10 de fevereiro de 1980. Por um lado: ditadura militar, Lei de Segurança Nacional em vigor, prisão de Lula e sindicalistas nas greves do ABC, ausência de liberdade de organização e expressão, sem eleições diretas para presidente, prefeitos de capitais e áreas de segurança nacional, parte do Poder Judiciário aliado do regime, grande mídia favorável ao regime militar e contra as Diretas, censura abrandada, mas em vigor, 2 partidos legais, ARENA e MDB, permitidos/tolerados. Por outro lado: greves no ABC e greves dos bancários no Rio Grande do Sul por democracia, liberdade sindical e melhores salários, ocupações de terra no campo, ocupações urbanas, organização popular na base, pastorais sociais e muita formação política, Igrejas contra a ditadura, novos partidos, entre os quais, em 10 de fevereiro de 1980, o PT, Partido dos Trabalhadores.

10 de fevereiro de 2018. Por um lado: governo federal golpista depois de impeachment de uma presidenta eleita democraticamente, maior parte do Poder Judiciário aliado do golpe, grande mídia aliada do golpe, Reforma trabalhista e previdenciária anti-trabalhadores em andamento, democracia sob ameaça, entrega e venda das riquezas nacionais, Brasil prestes a voltar ao Mapa da Fome, desemprego e miséria em alta, violência cotidiana em crescimento, desesperança, intolerância e preconceitos na sociedade, condenação de Lula à base de convicções sem provas, iminência da prisão de Lula, política e partidos desacreditados. Por outro lado: resistência nas ruas contra o golpe e a favor da democracia, greves gerais contra as Reformas, mobilização pelo Direito de Lula ser candidato a presidente, Fórum Social Mundial em Salvador.

38 anos depois, esse é o quadro. Em alguns (ou muitos) aspectos, o Brasil, e o mundo, parecem ter voltado ao final dos anos 1970, início dos 1980.

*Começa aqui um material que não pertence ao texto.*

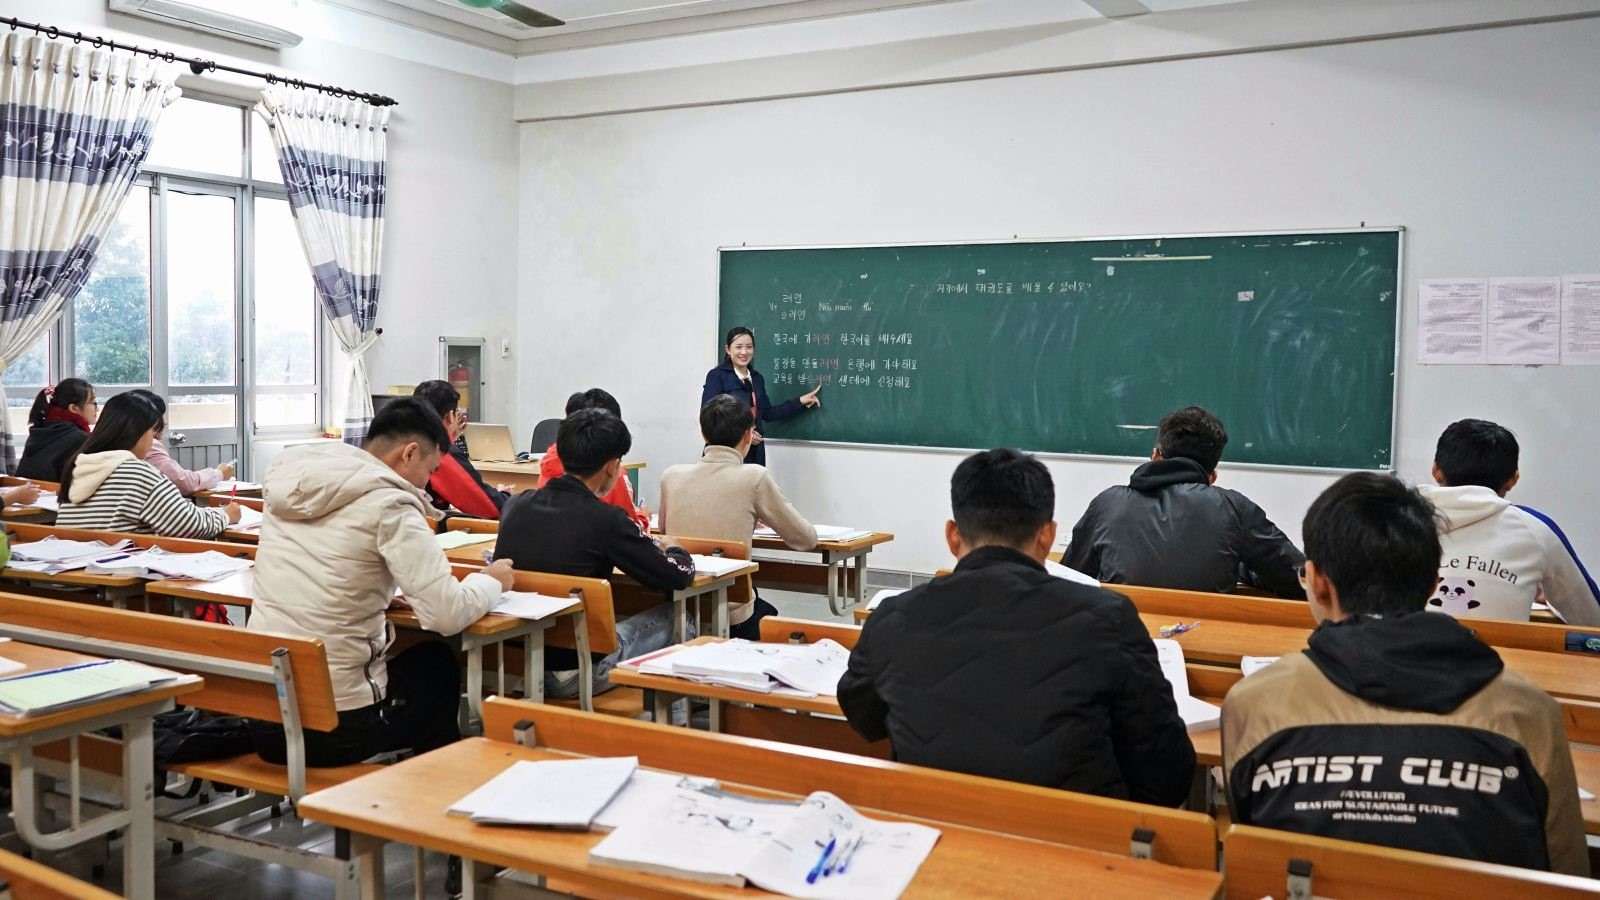 Lớp học tiếng Hàn vẫn được duy trì dù ảnh hưởng dịch Covid -19

Nesses 38 anos, porém, aconteceu muita coisa relevante no Brasil: Constituinte federal e estaduais, Diretas para Presidente, Governos e Mandatos Populares, Eleição de Lula, primeiro operário e sindicalista, e Dilma, primeira mulher, presidentes, Orçamento Participativo como referência mundial, Fórum Social Mundial, ‘um outro mundo possível’, reconhecimento do Brasil no mundo, com soberania, melhoria do salário mínimo, saída do Brasil do Mapa da Fome, diminuição, ainda que tímida mas inédita, da desigualdade econômica e social, liberdade de expressão e organização, conquista de direitos pelos pobres, mulheres, jovens, indígenas, negros, quilombolas e povo LGBT, políticas públicas e sociais com participação popular. Na América Latina e Caribe, governos democráticos e populares, Mercosul, Unasul e Celac.

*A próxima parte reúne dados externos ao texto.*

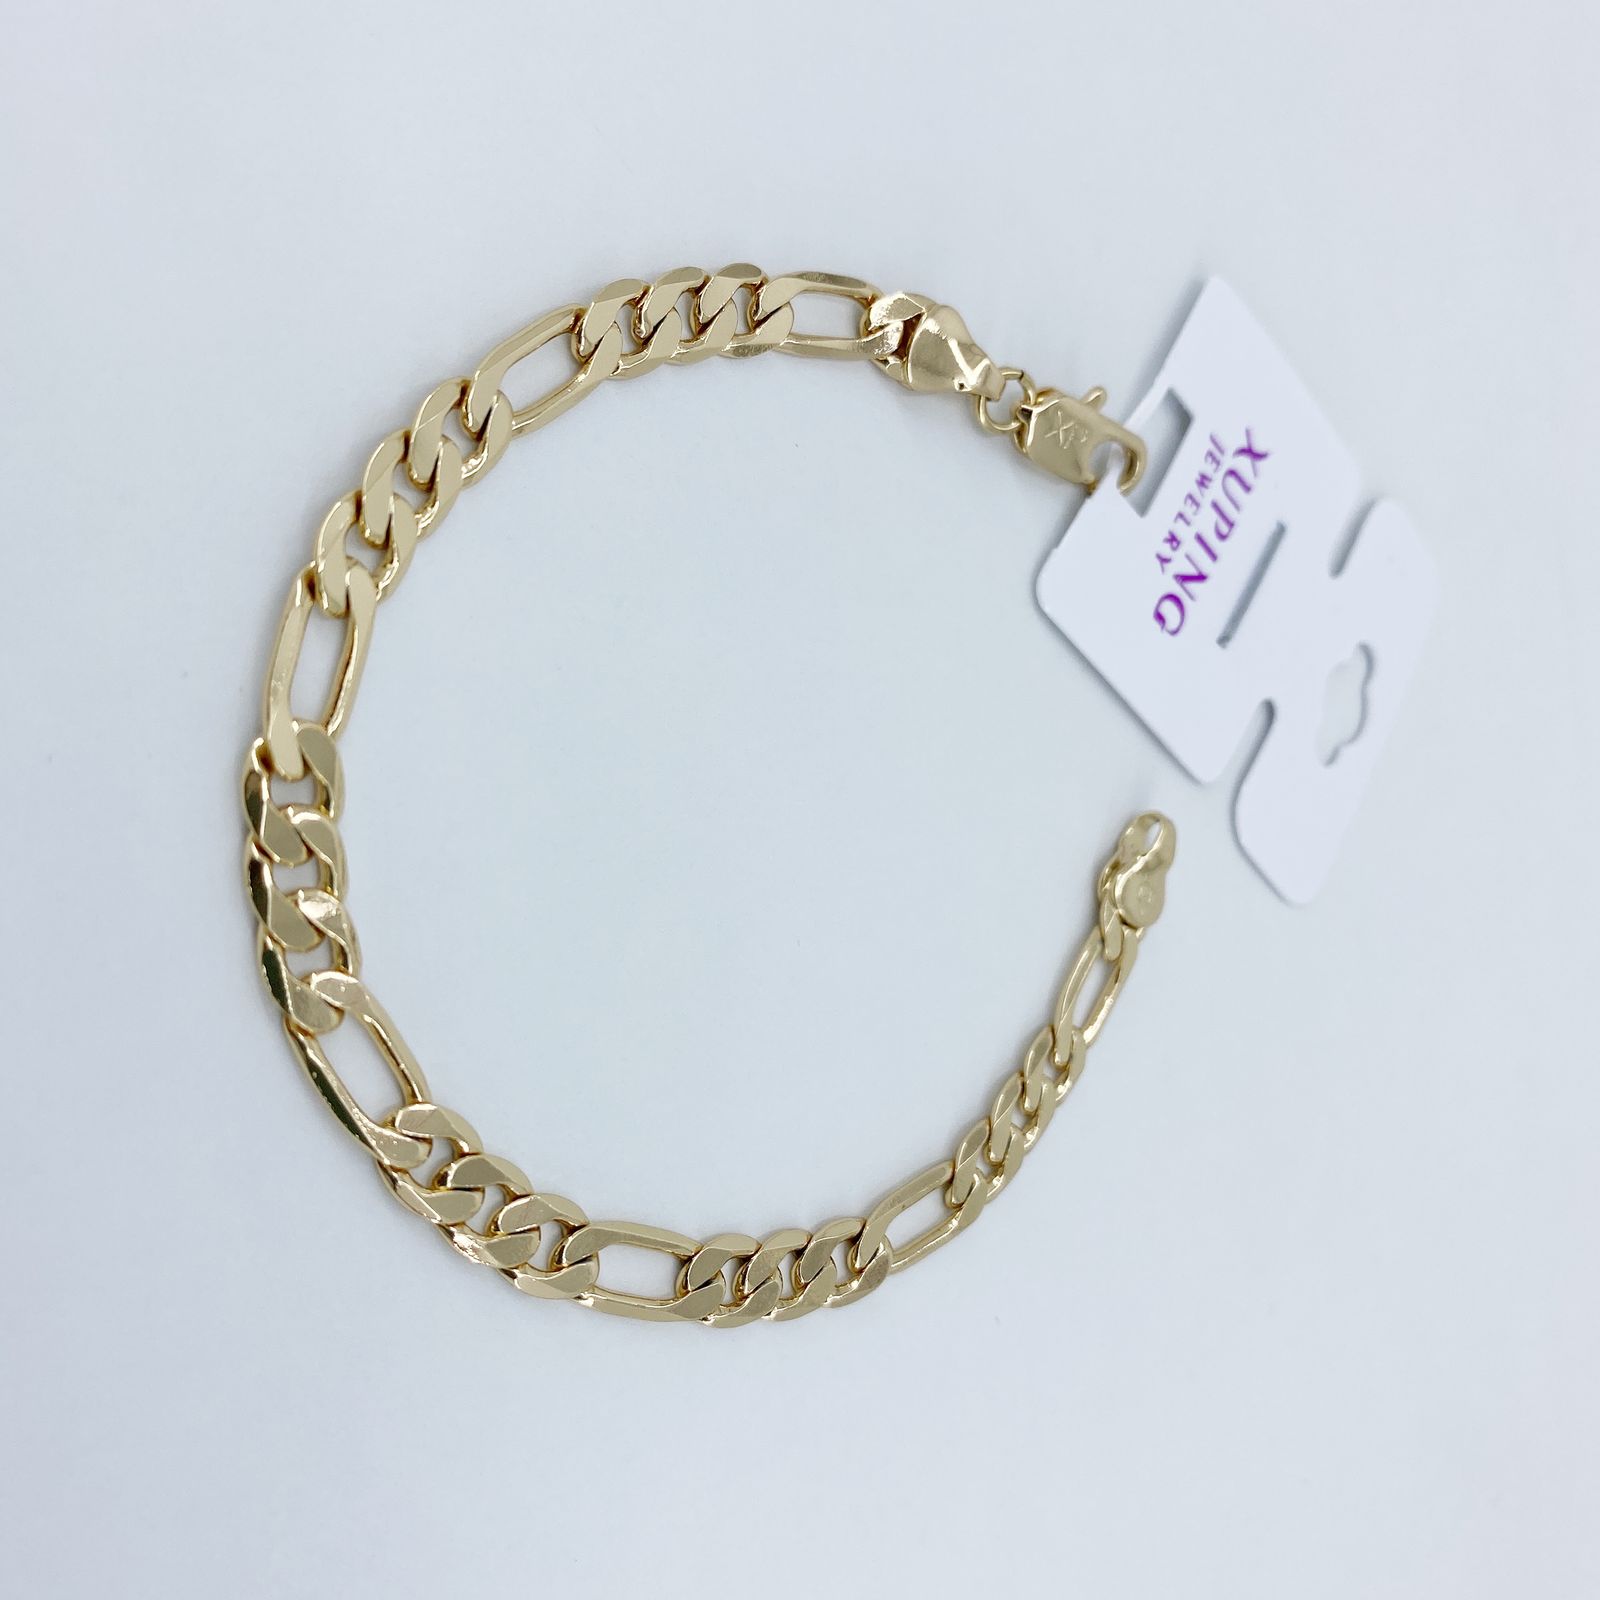 دستبند زنانه ژوپینگ کد B3029 -  - 2

A luta e mobilização em 1980 não eram fáceis. Repressão, governos ditatoriais, o povo não era ouvido para nada, fome e miséria por todos os lados. Mas a esperança era muita e o sonho de um Brasil justo, livre, democrático, com igualdade e direitos, superava todos os problemas e adversidades. Era povo na rua, era organização e reflexão nas comunidades, nos bairros, vilas, favelas, igrejas, escolas, sindicatos e Associações de Moradores, eram Núcleos de Base do PT, era ocupar cada espaço que se abria e que se conquistava, era construir ONGs, Movimentos, Oposições Sindicais, buscar direitos e Diretas-Já.

A luta e mobilização necessárias em 2018 não são muito diferentes, tão urgentes e necessárias quanto em 1980, à luz das novas ferramentas das redes sociais, da comunicação instantânea, dos novos jeitos de organização e expressão da juventude, dos novos direitos afirmados, das experiências de participação popular, das políticas públicas instituídas.

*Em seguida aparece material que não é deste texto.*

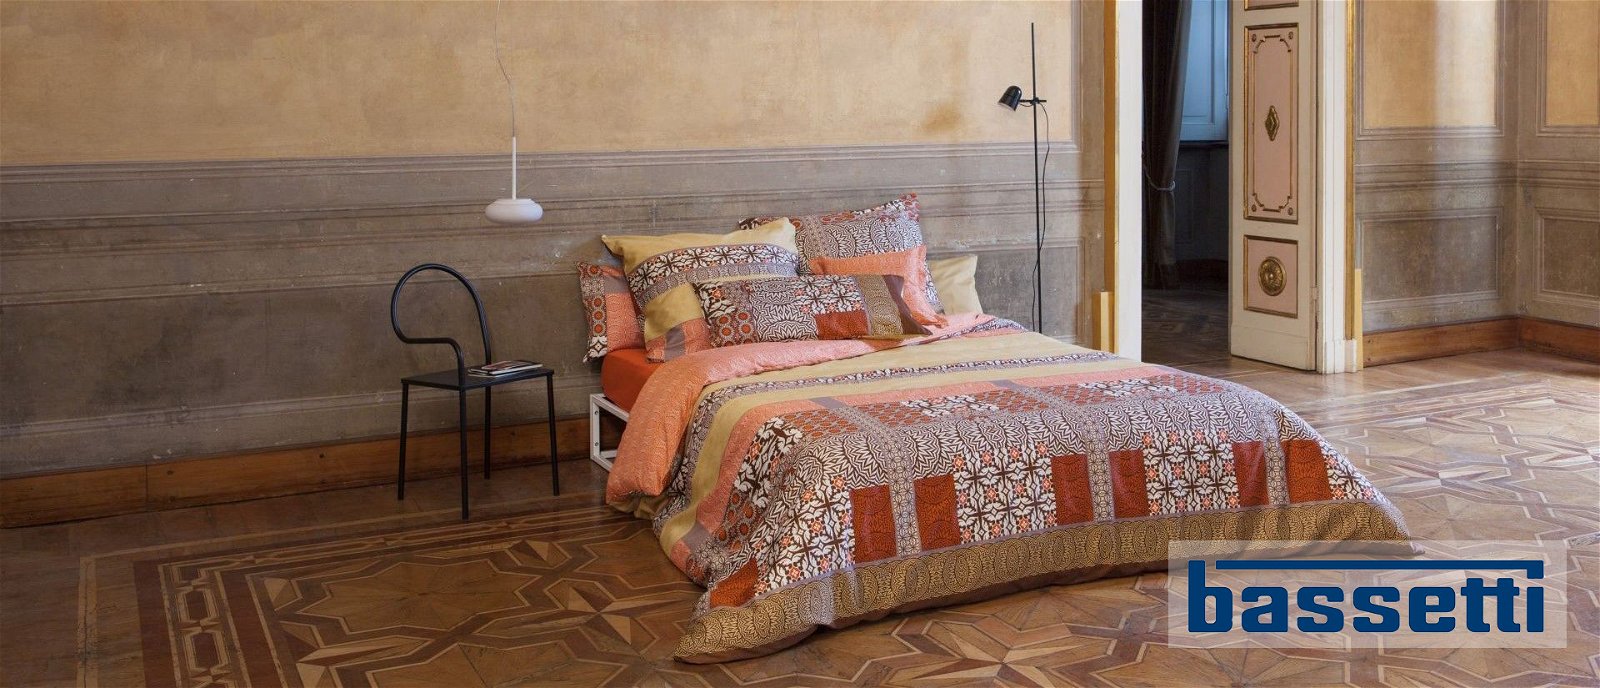 Bassetti Bettwäsche in verschiedenen Farben bei Wohn Schick und in unserem Online Shop

O Partido dos Trabalhadores teve grande papel e importância, junto com outros partidos, organizações e movimentos sociais e populares, nestes 38 anos. E continua tendo nos anos 2000.

Houve muitos acertos e contribuições do PT: a construção do programa democrático-popular, a prioridade dada aos pobres e trabalhadores em suas lutas e seus governos, a implementação de políticas públicas e sociais com participação da sociedade, a mobilização permanente da sociedade para a conquista de direitos, o enfrentamento de preconceitos, a afirmação soberana do Brasil no mundo, a prioridade de relação com a América Latina, África e Caribe.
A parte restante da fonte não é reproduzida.